When you look back on your life, you probably see things that you’d rather forget. Several of your old stories may upset you. I’m confident that you can find some things that you wish you could erase. If you look back, bet money you remember some stuff that makes you lose your mind! (Do I sound like Kevin Hart?) We all have very different stories, but the painful memories from our old stories cause us similar pain.
Maybe you broke a promise and failed to keep a friend’s secret. Maybe you had a problem with substance abuse. Perhaps you were so focused on yourself that you neglected your family.
Or maybe you loved someone with your whole heart and they treated that gift carelessly, betrayed you and broke your heart.
Problem: You may have done a number of things that give you pause. Solution: Don’t look back.
Why Do Old Stories Have So Much Power Over Us?
One of the reasons that old stories can have such power over us is because past actions and behaviors can have long-lasting consequences. For example, if you were abused as a child, maybe you still wonder what was wrong with you. (NOTHING!) If you lost a spouse or child, you’ve probably questioned what you did to deserve it. (NOTHING!) These sorts of thoughts can cause you to create stories that keep you stuck in your pain.
If you want to move forward and write a new story, you have to acknowledge and make peace with your past. And do yourself a favor and don’t look back.
Accept Your Past
Accepting the choices you’ve made or the things that have happened means you’re no longer wasting energy trying to change the past. You’ve accepted that there’s nothing you can do or say that will improve old situations. For example, if you lost custody of your now-grown kids because you were an alcoholic, you can’t go back and fix their childhood.

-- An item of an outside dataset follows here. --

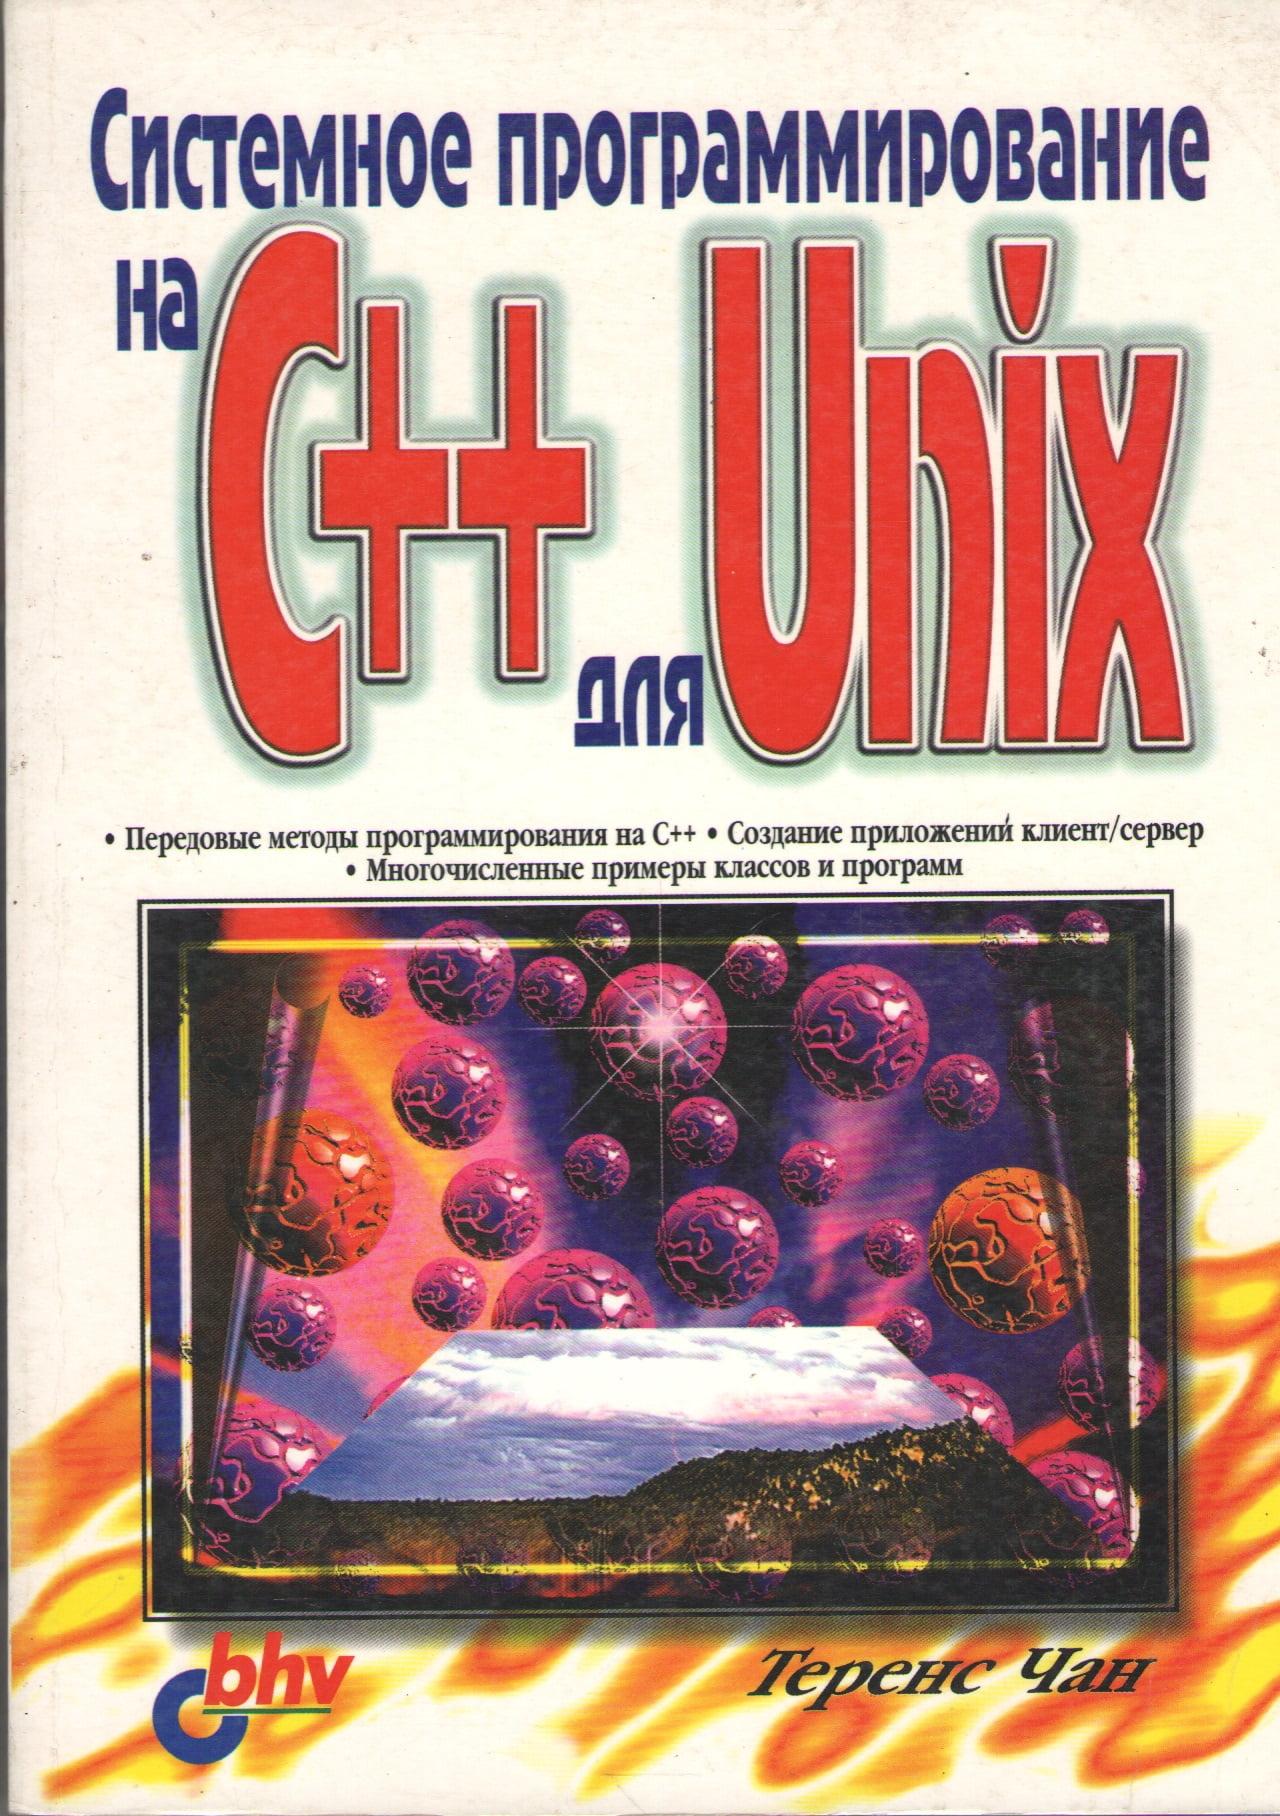 Системное программирование на C++ для Unix - фото 1

What does accepting your past look like? Acceptance looks like facing what happened in the past without excuses. To follow on the example above, it may look like acknowledging the situation to your adult kids. You could say, “I’m an alcoholic and I wasn’t around for you when you were little. I’m sorry for the choices I made and the pain I caused you.” Once you have acknowledged this, you don’t need to keep looking back.
Let Yourself Grieve
Once you’ve accepted your past, you may look at it and still see what you’ve lost. Maybe your friend won’t forgive you for telling her secret. Maybe you wish you could go back and re-live years of your life when you weren’t present for those you love.
When you recognize what you’ve lost, it’s natural to grieve it. You may even experience the different stages of grief like anger, bargaining, or depression. It’s healthy to grieve a loss whether it was the loss of a person you loved or the loss of what you thought your life would be.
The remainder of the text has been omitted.